Witnesses estimated that around ten people were involved in the attack on Garry Newlove, and most or all of them had been involved in earlier incidents of vandalism. One of the three teenagers found guilty of the murder had been released on bail hours earlier after appearing in court charged with assaulting another man in the local area.

After her husband's death, Helen Newlove campaigned against the UK's binge drinking culture and callied for better training for landlords and bar staff, as well as shop workers involved in the sale of alcohol. She more prominently campaigned to clamp down on the sort of criminal activities which contributed to the death of her husband, campaigned for stiffer sentences for serious offences, and campaigned for improved support for victims of crime – highlighting the lack of support that she and her family received after the murder, and highlighting the lack of support given to many other victims of crime (ranging from the families of murder victims to families who have been bereaved by road accidents).

On 8 November 2008, Helen Newlove set up Newlove Warrington, which aims to make the town a safer and better place for people to live and to improve facilities and opportunities for the children through education and life skills for the better of communities. The three goals for the campaign were to inspire people to lead a more purposeful life; motivating people to enrich their lives; providing opportunities for positive interaction with communities.

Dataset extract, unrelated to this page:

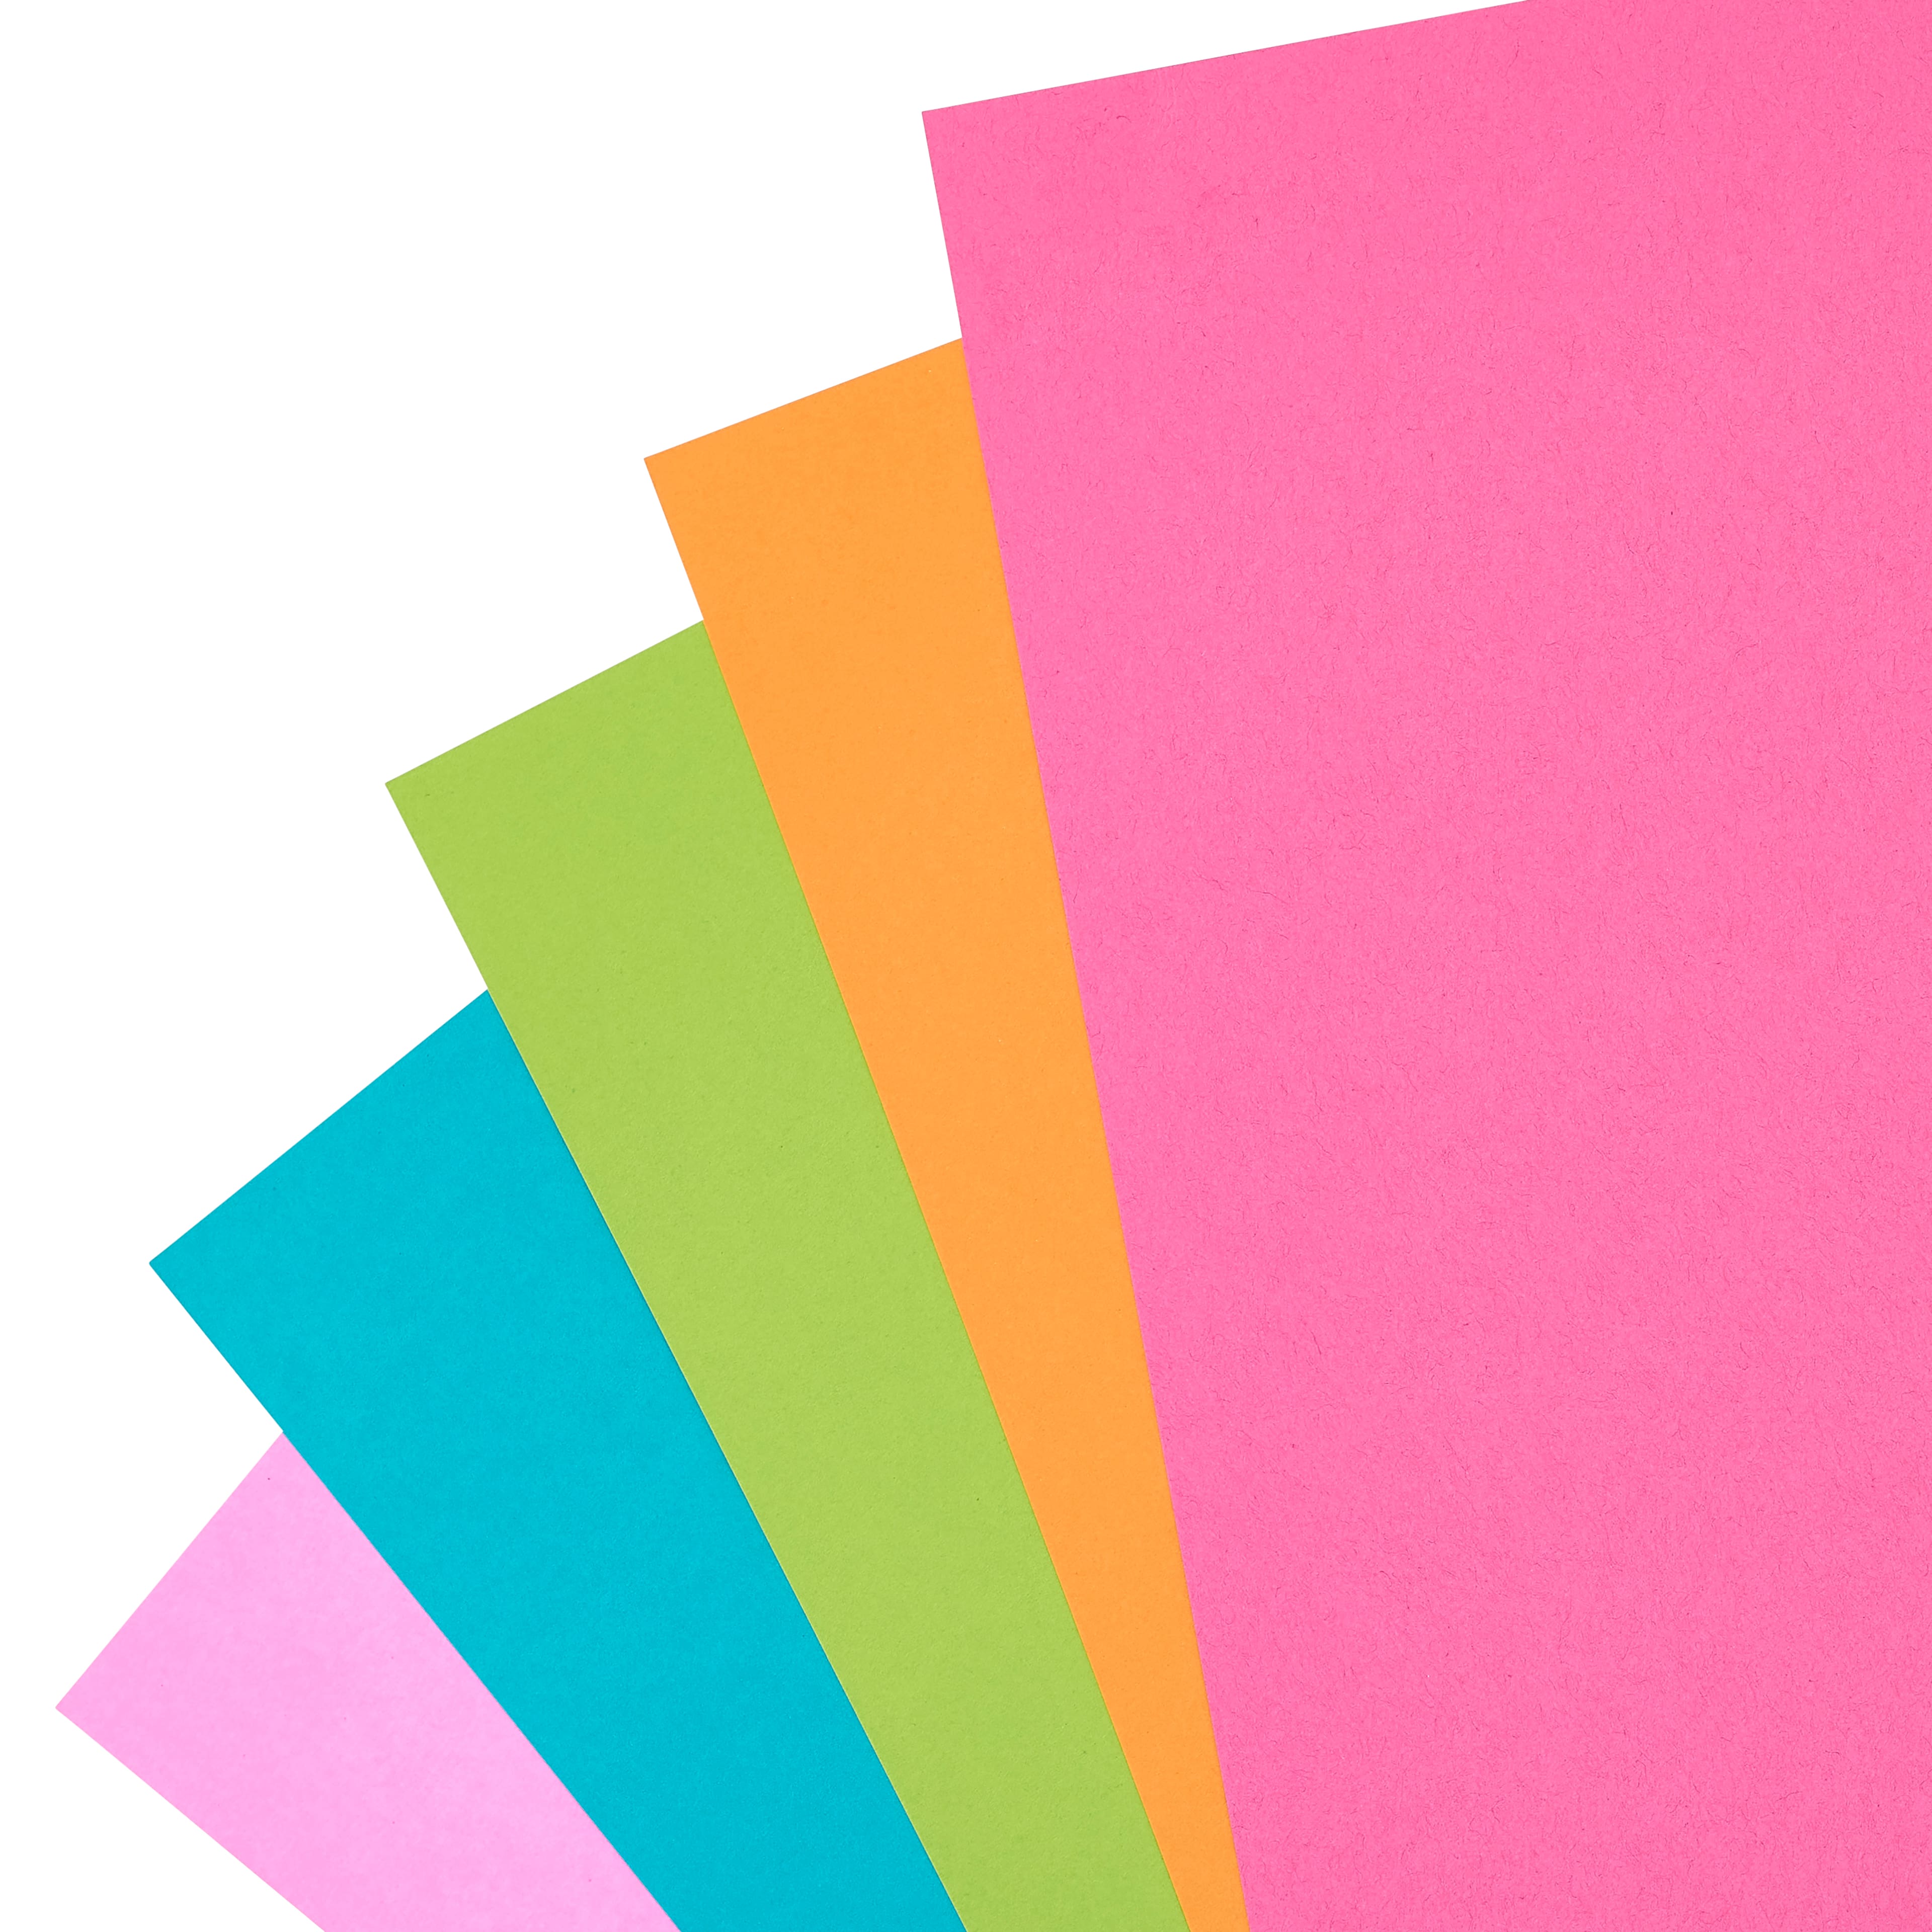  Neon Bright Colors Printable Cardstock Paper 8 1/2x11 -  Inkjet/Laser - 4 Colors - 50 Sheets : Arts, Crafts & Sewing

Newlove extended her campaign nationally by joining forces with the local and national media.

== Peerage ==
In May 2010, Newlove was given a peerage in the 2010 Dissolution Honours list. After the announcement was made Newlove commented that "I am just an ordinary woman, propelled into high profile by a set of horrifying circumstances which I wish with all my heart had never occurred." Newlove took up her seat in the House of Lords as a Conservative on 15 July 2010 when she was introduced as Baroness Newlove, of Warrington in the County of Cheshire.

On 5 March 2021, Newlove took up the office of Deputy Speaker of the House of Lords.

==Victims' Commissioner==
On 21 December 2012, it was announced that Newlove had been appointed the second Victims' Commissioner, a role requiring her to liaise with ministers to offer advice on aspects of the criminal justice system in England and Wales that affect victims and witnesses. The role had previously been held by Louise Casey, but had been vacant since she stepped down in October 2011. Newlove took up the post on 4 March 2013, was reappointed for a second term in March 2016, and stepped down on 31 May 2019. She was succeeded by Dame Vera Baird. It was announced that Newlove had been reappointed Victims' Commissioner from 16 October 2023; her tenure would have ended on 31 December 2025.

==Death==
Newlove died following a short illness on 11 November 2025, at the age of 63.